Structuralizing the "Dynamic Alignment Process": Progressing from diagnosing the snowball effect to implementing a graph-based solution that sever the propagation chain.
Mask-based selective constraints: Using a binary mask for old class subgraphs is a clean, reusable approach for the stability-plasticity tradeoff.
Layer-wise decay logic: Introducing stronger constraints where misalignment originates (shallow layers) is an effective way to inject prior knowledge into optimization.
Repurposing Attention Rollout: Successfully utilizing attention rollout, typically used for visualization, as a metric for inter-layer propagation.
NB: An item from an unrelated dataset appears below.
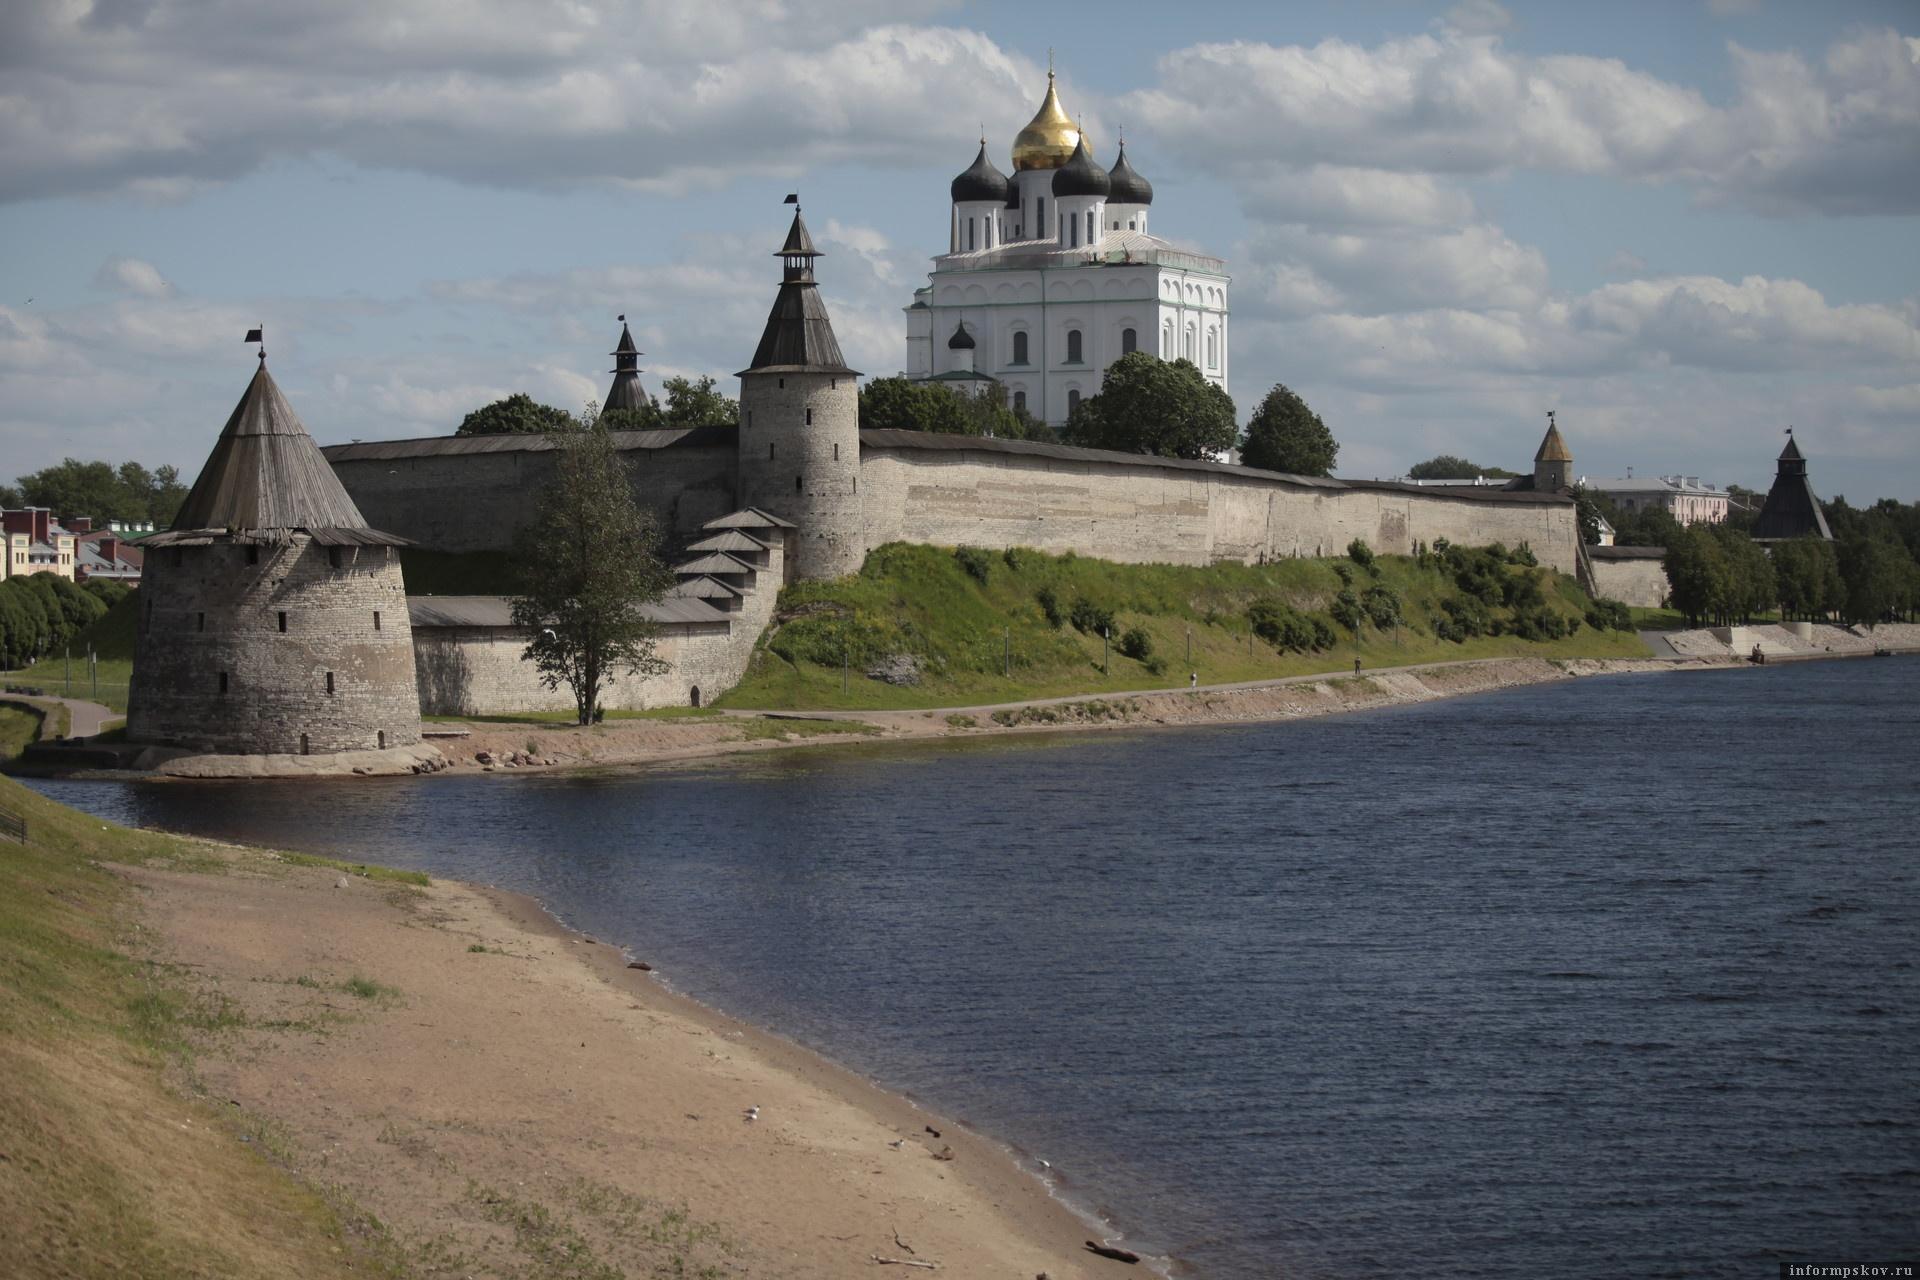 Во всех храмах Псковской области День Победы будут встречать праздничным колокольным звоном. Фото: Андрей Степанов.

Limitations & Future Work¶

Scalability: Challenges remain in managing a very large number of tasks efficiently.
Forward Transfer: Task-specific prompts inherently struggle with unseen tasks; the current "inheritance" patch is a heuristic rather than a fundamental solution.
Hyperparameter Sensitivity: Robustness of selections for \(\alpha, \beta, \gamma, K\) requires verification across different backbones.
Architecture Dependency: The method is currently tied to frozen backbones with cross-attention.

Vs. Static Alignment/Regularization (e.g., LwF, ZSCL): These methods ignore inter-layer drift, whereas DAGR intercepts misalignment propagation, leading to higher stability with fewer parameters.
Vs. Prompt-based MMCL (L2P, DualPrompt, DIKI): While these focus on adaptation via prompts, DAGR adds structural graph regularization to stabilize alignment dynamics within those prompts.
Vs. Representation Dynamics: While prior work noted that "alignment error scales with depth," DAGR translates this insight into an optimizable graph regularization.

Rating¶

Novelty: ⭐⭐⭐⭐ Formalizing modality alignment as a dynamic inter-layer process using graphs is innovative.
Experimental Thoroughness: ⭐⭐⭐⭐ Comprehensive testing on MTIL 11, though verification on more diverse backbones could be beneficial.
Writing Quality: ⭐⭐⭐⭐ Clear alignment between motivation, diagnosis, and method.
Value: ⭐⭐⭐⭐ Significant SOTA improvement on MTIL with high practical efficiency.